- _WORK REQUEST_: Each line below must be reproduced exactly, though the pictures are to be dropped.

- _MATERIAL PROVIDED_:
::::::::::
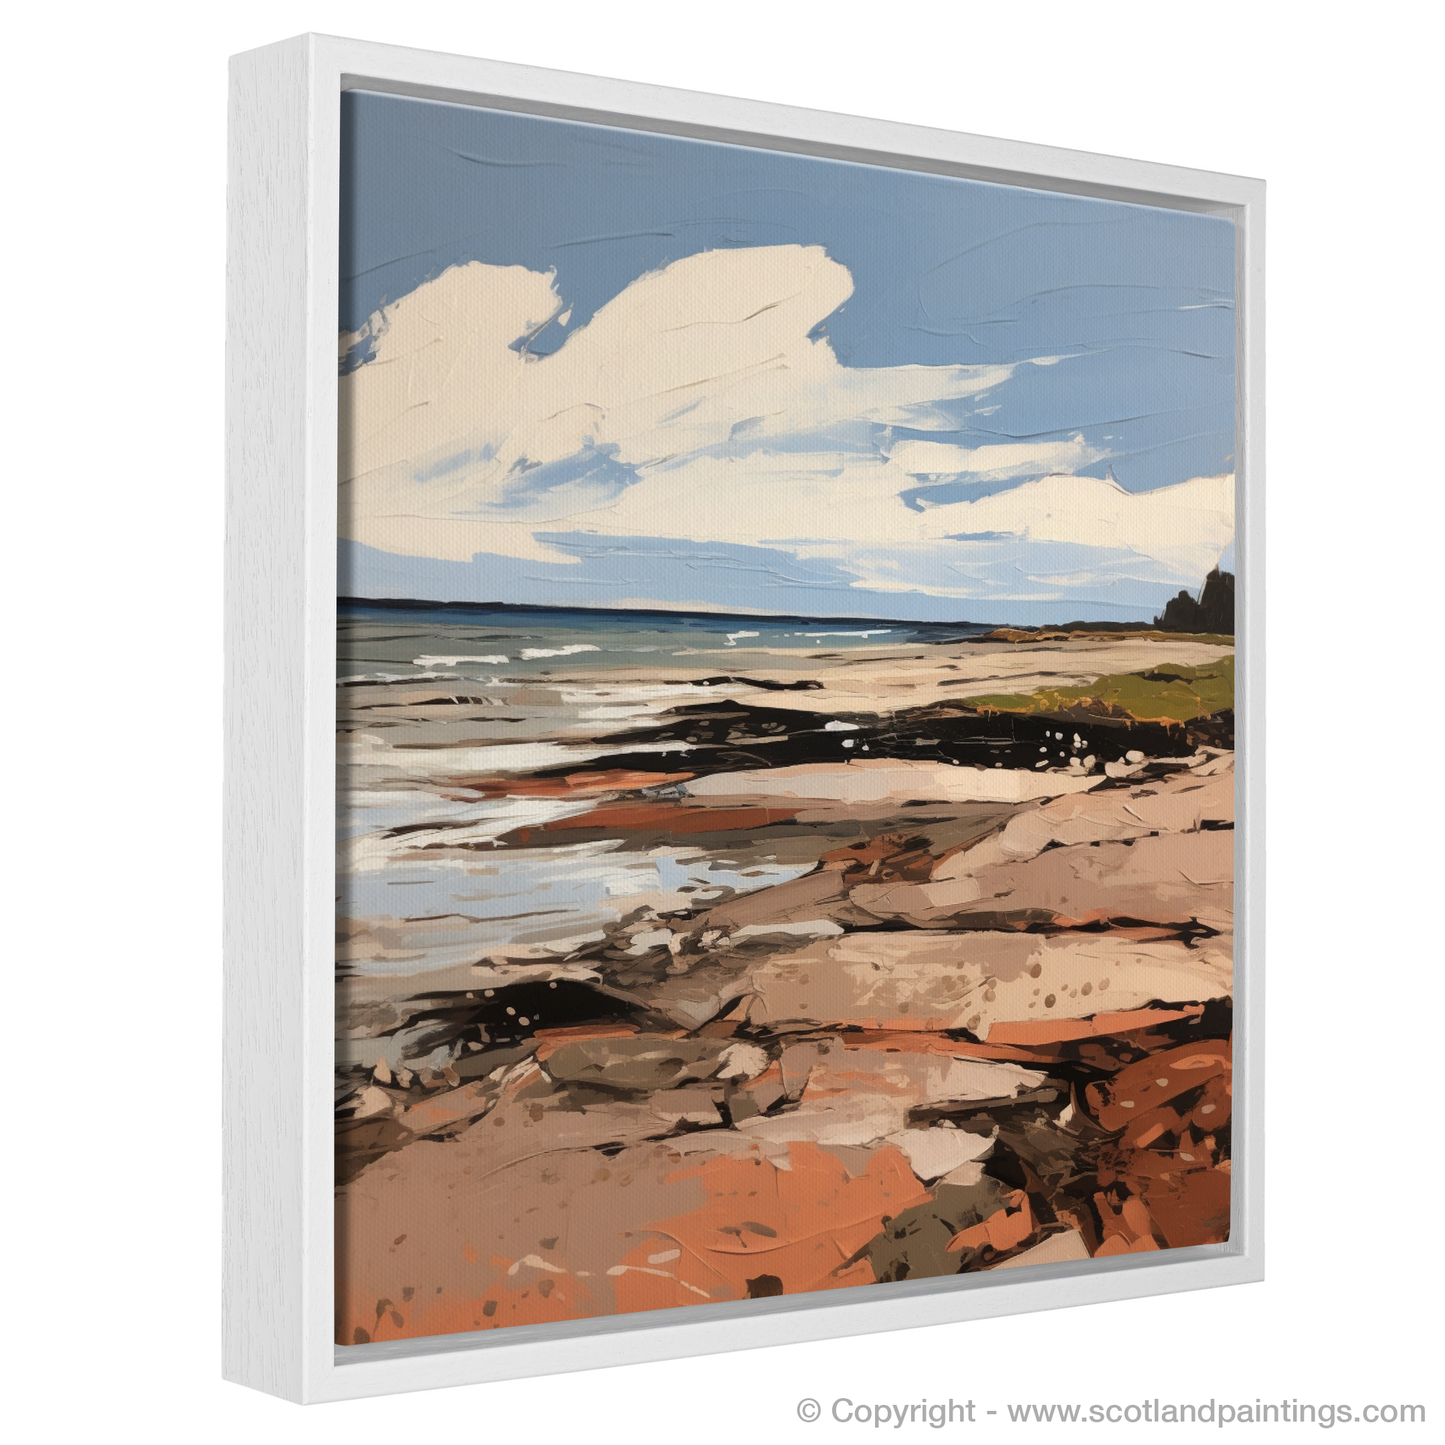 Painting and Art Print of Longniddry Beach, East Lothian in summer entitled "Summer Serenade at Longniddry Beach".
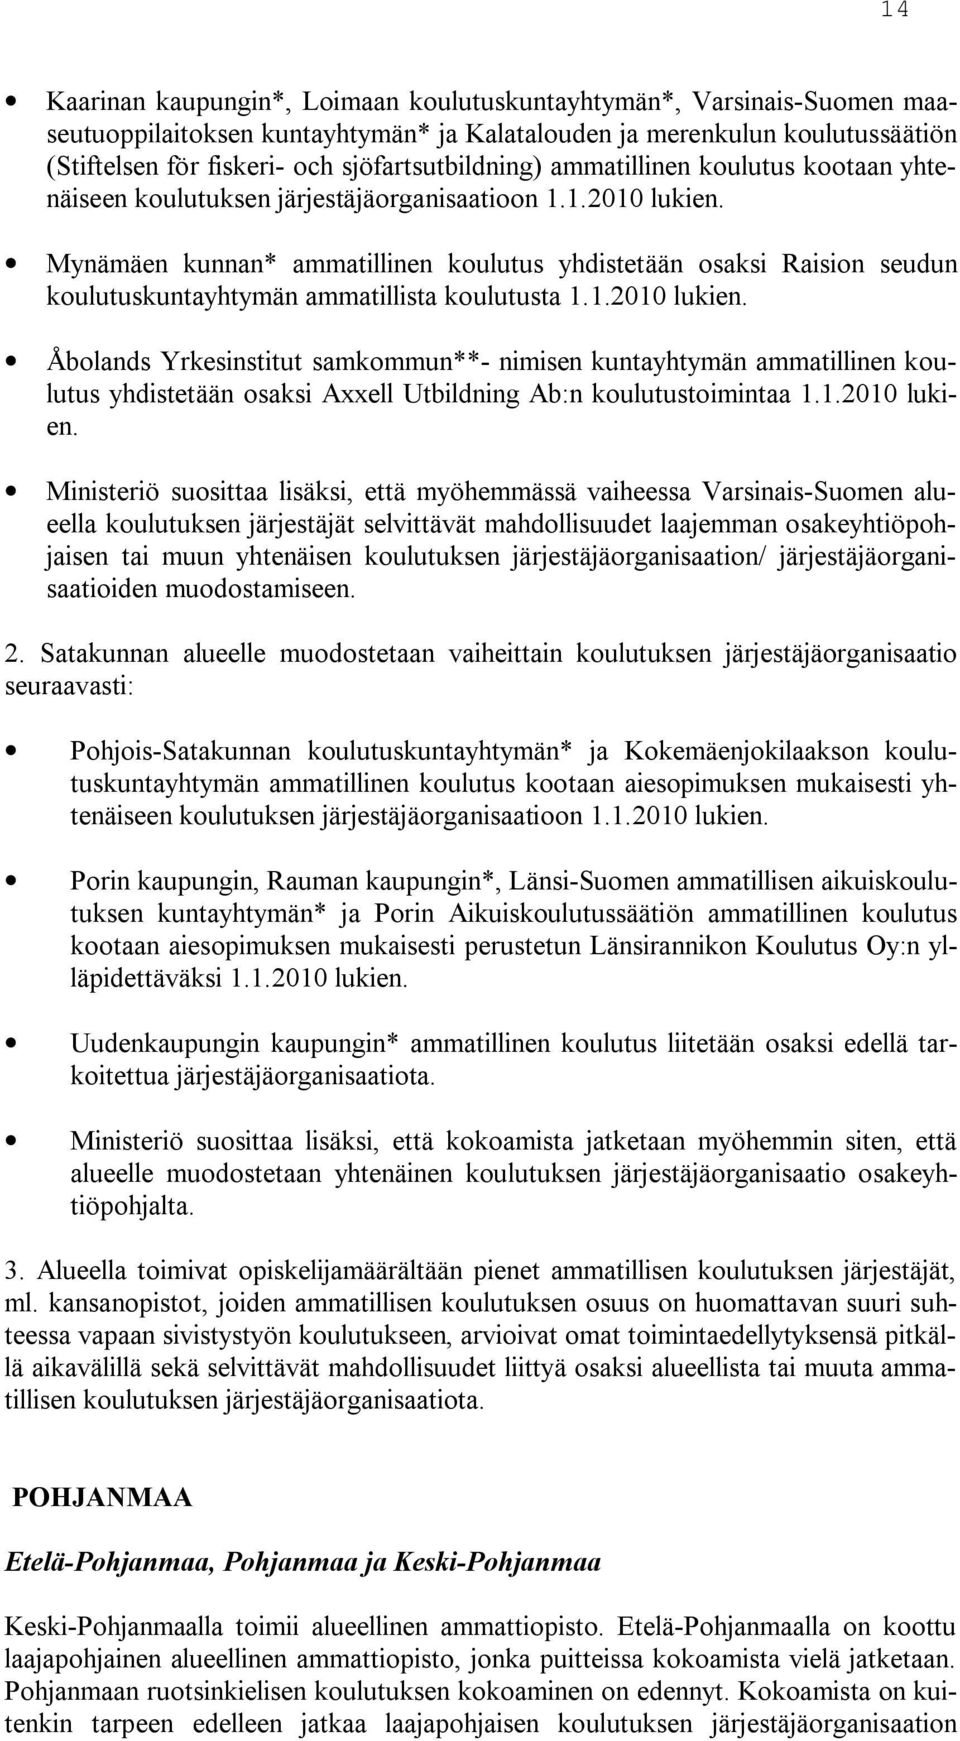 Mynämäen kunnan* ammatillinen koulutus yhdistetään osaksi Raision seudun koulutuskuntayhtymän ammatillista koulutusta 1.1.2010 lukien.
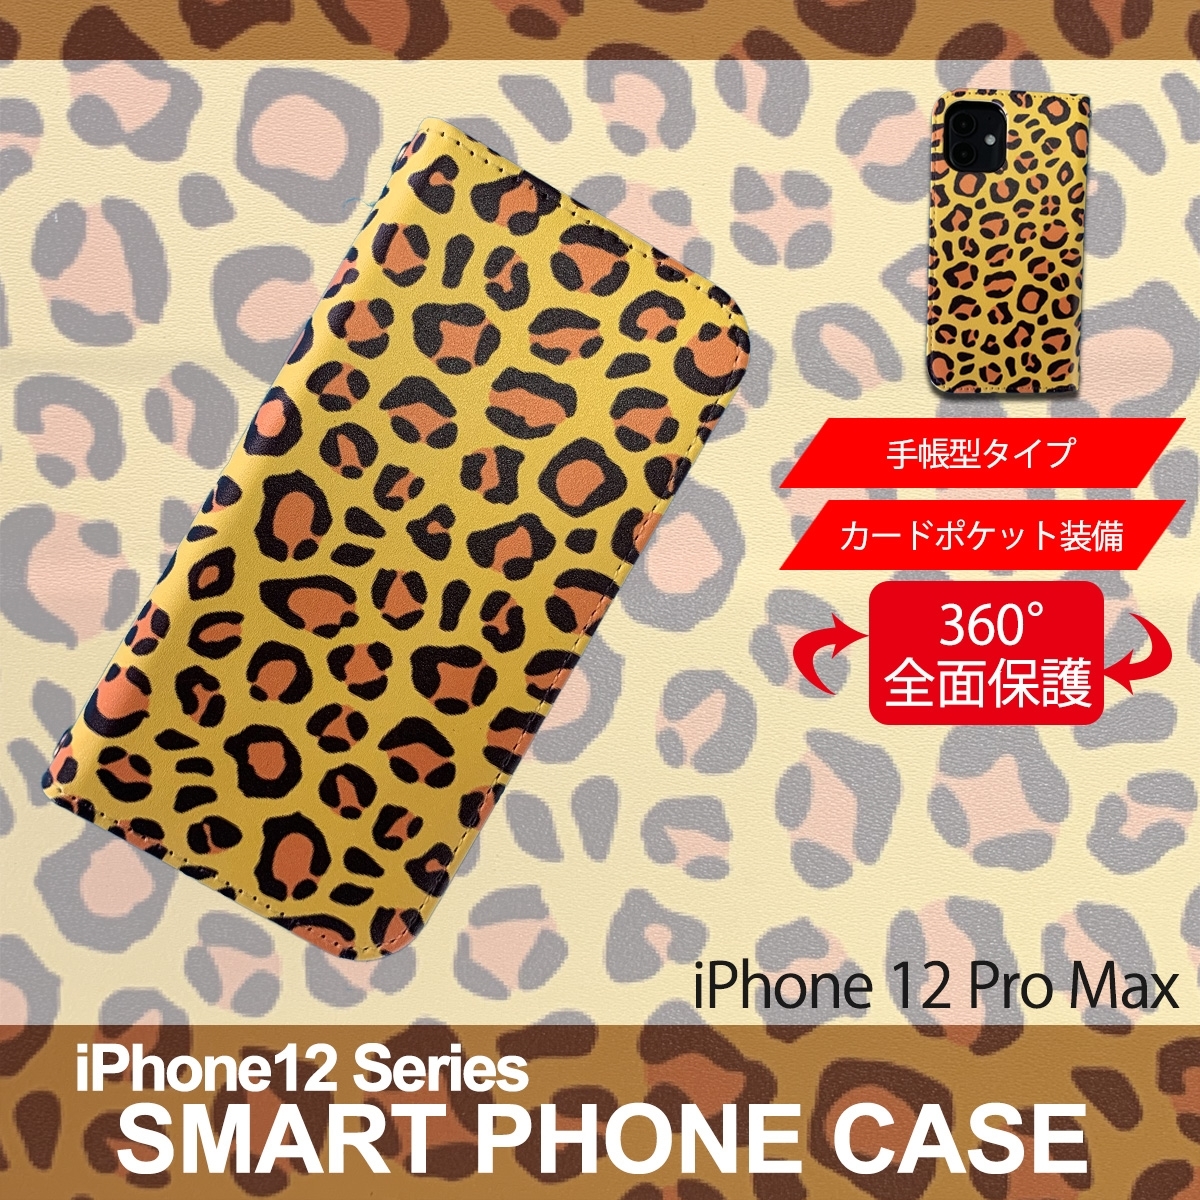 1】 iPhone12 Pro Max 手帳型 アイフォン ケース スマホカバー PVC レザー アニマル柄 ヒョウ柄 イエロー
::::::::::
- _EXERCISE ANSWER_:
 Painting and Art Print of Longniddry Beach, East Lothian in summer entitled "Summer Serenade at Longniddry Beach".
 Mynämäen kunnan* ammatillinen koulutus yhdistetään osaksi Raision seudun koulutuskuntayhtymän ammatillista koulutusta 1.1.2010 lukien.
 1】 iPhone12 Pro Max 手帳型 アイフォン ケース スマホカバー PVC レザー アニマル柄 ヒョウ柄 イエロー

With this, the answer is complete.